# Tuff-Luv Kindle 2 Case - pics and initial impressions



## modkindle (Feb 17, 2009)

I ended up choosing the Tuff-Luv case over the M-edge and Noreve and it arrived today. I will write a thorough review after I use it for a few days but my initial impressions are really positive. I am pretty rough on my things and fairly clumsy. The protection of this case seems really good and the Kindle doesn't flop around in it like it did the Amazon cover. I like that most of the Kindle is covered in terms of the look, although I know many people like the floating look. It feels lightweight but the stand seems sturdy and it is very easy to hold. The pink is a pretty light pink color, someplace in-between powder and cotton candy.


----------



## BK (Feb 5, 2009)

Great photos -- looks like a beautifully designed and well-made case! My Kindle 2 has been nekkid since it arrived in February, and I like this case better than any I've seen so far. I just wish there were more color choices... If they made a red one, I be ordering this minute!

Here's the Amazon link for the pink case: 


And here's the link for the black case:


----------



## VictoriaP (Mar 1, 2009)

Oh man, I'm so disappointed. That holding system is a major bummer to me, I had liked what I'd seen of the K1 case, and was *really* looking forward to a similar K2 version, but I hate the "jacket" surround style.

I'm glad to see a new case possibility on the market though, and even more glad to see that the first KB'er who bought it is happy with it!!!!


----------



## whiffle (Mar 2, 2009)

The jacketed holder is appealing to me, and looks very well executed. I wouldn't use the stand, but that looks like a superlative case.


----------



## Ruby296 (Nov 1, 2008)

I like this case too and what great pics to showcase it!  It seems to me that the holding mechanism would offer pretty good protection in the event of a drop or something.  Looking forward to your more extensive review!


----------



## booknut (Dec 26, 2008)

They have a book-style version of the black one as well.

Tuff-Luv Napa Leather case cover (Book Style) for Amazon Kindle 2 - Black


----------



## kindle zen (Mar 18, 2009)

wow thats a really cool cover.  very well designed and provides a great deal of protection. kudos to tuff luv.  alas i already have three cases for my kindle 2


----------



## Gertie Kindle (Nov 6, 2008)

I ordered the Tuf-Luv when I ordered my K1 back in August. I wanted something that I could prop up at the dining room table.  At the time, they only had black.  I've since glued on an applique I bought at WalMart, just to smarten it up a little.  

I love it.  I like that it flips over the top and out of the way.  It props at just the right angle for me to read.  It holds pretty tight, too.  I feel like Little Gertie is well-protected.  
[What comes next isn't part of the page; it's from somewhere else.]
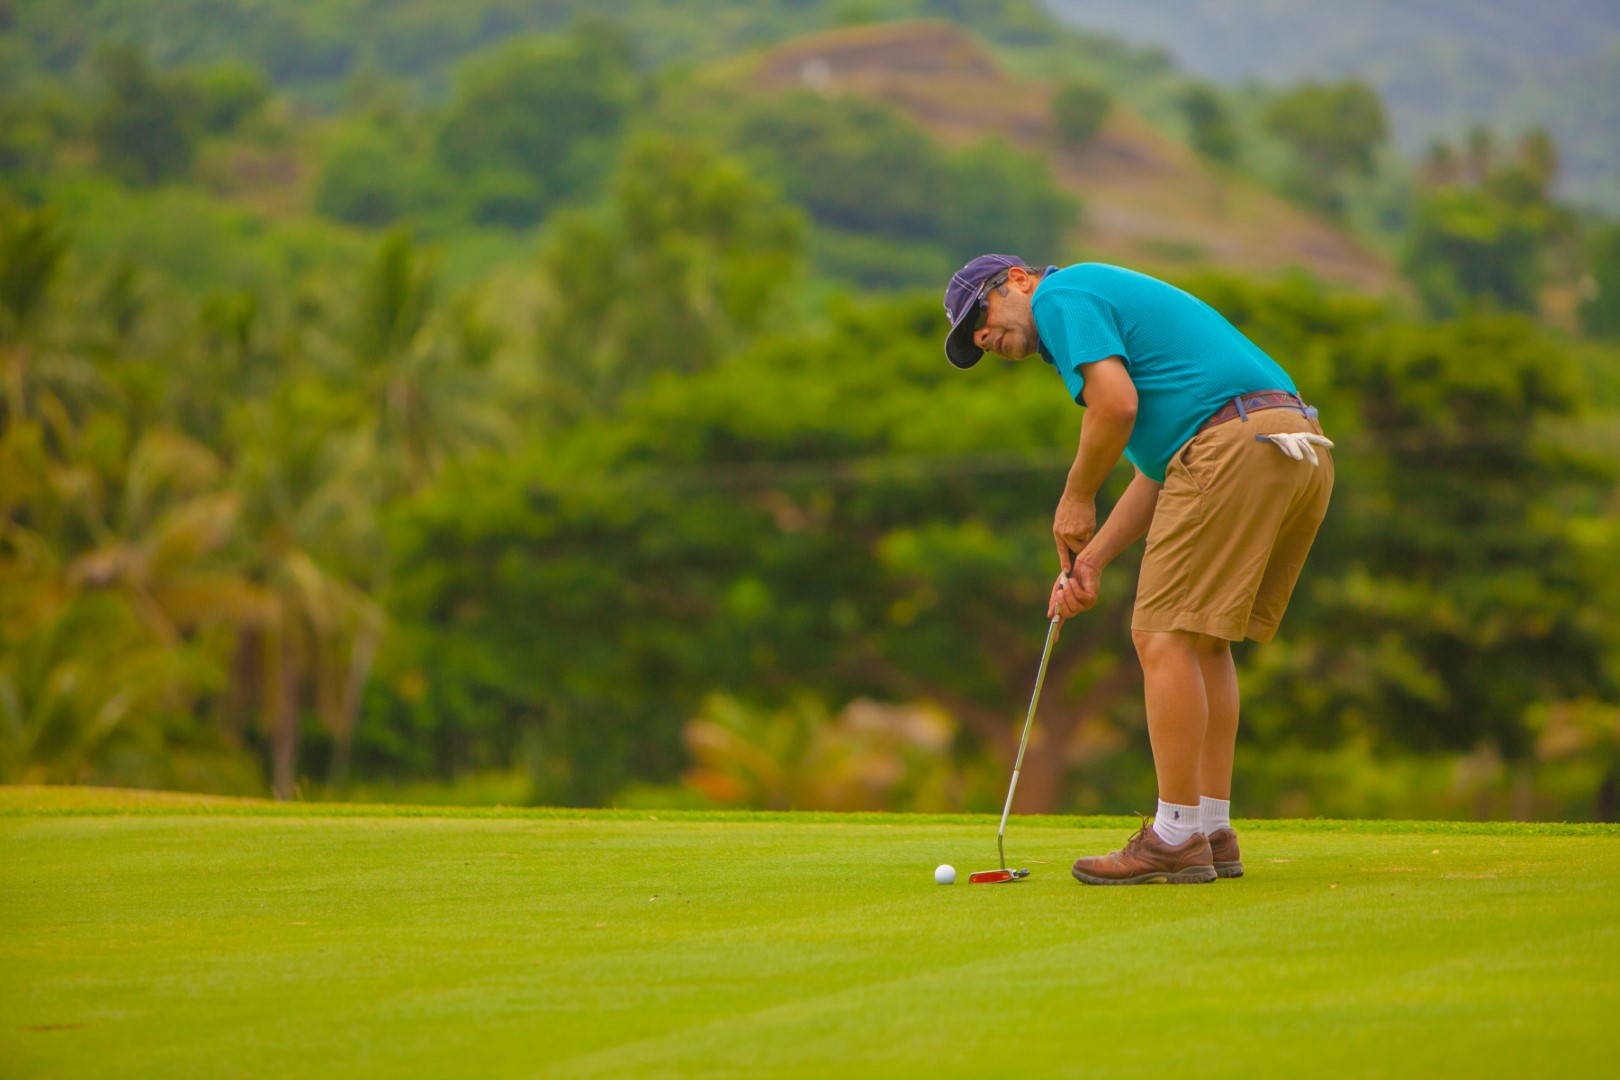 Sri lanka field of Golf

I have to say that the K2 model looks even sturdier.


----------



## kindle zen (Mar 18, 2009)

i'm going to seriously consider getting this case.  i have a bad tendency to doze off while reading the kindle and i'm sure sooner or latter i'm going to drop it.  actually i'm amazed i haven't done so already.  this case provides good protection of the kindle front should it land face first in a fall.


----------



## DD (Nov 9, 2008)

I really like this design.  I wish it came in more colors.


----------



## DD (Nov 9, 2008)

Will either the flip style or the book style fold all the way back flat for reading without the stand?  I can't find any pictures that actually show this.


----------



## Gertie Kindle (Nov 6, 2008)

DD said:


> Will either the flip style or the book style fold all the way back flat for reading without the stand? I can't find any pictures that actually show this.
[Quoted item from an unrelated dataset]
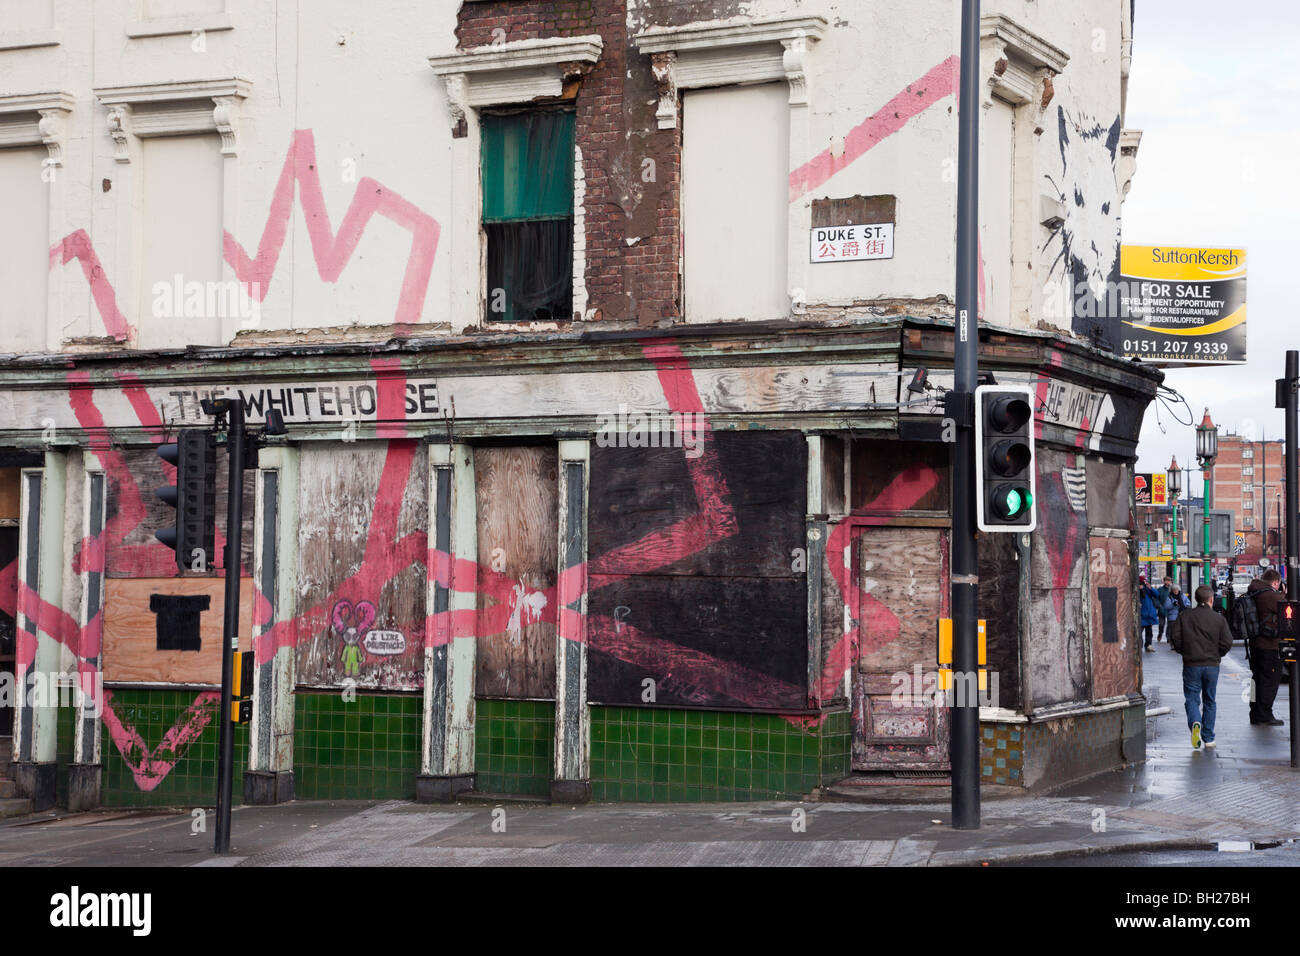 Abbandonati pub urbano chiuso in vendita per la riqualificazione. Duke Street, Liverpool, Merseyside England, Regno Unito, Gran Bretagna. Foto Stock

The Tuf-Luv flip style does fold all the way back. The easel stand actually snaps onto the back of the cover when not in use. The snaps are magnetic, so it's easy to keep the easel out of the way and fold the cover over.



DD said:


> I really like this design. I wish it came in more colors.
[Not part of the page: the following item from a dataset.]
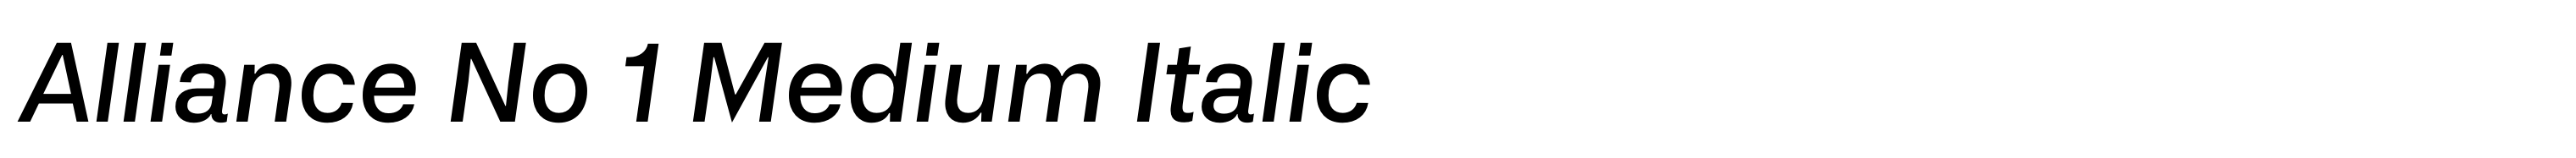 Alliance No 1 Medium Italic

When I got mine, it only came in black. I don't think I would have gotten the pink anyway. Too easy to get dirty, even holding it with clean hands. I glued appliques onto mine to give it some color. I get tired of plain black everything.

Tuff-Luv Napa Leather case cover for Amazon Kindle 2 - Black (Flip style + stand)


----------



## DD (Nov 9, 2008)

Gertie Kindle 'Turn to Page 390' said:


> The Tuf-Luv flip style does fold all the way back. The easel stand actually snaps onto the back of the cover when not in use. The snaps are magnetic, so it's easy to keep the easel out of the way and fold the cover over.
> 
> When I got mine, it only came in black. I don't think I would have gotten the pink anyway. Too easy to get dirty, even holding it with clean hands. I glued appliques onto mine to give it some color. I get tired of plain black everything.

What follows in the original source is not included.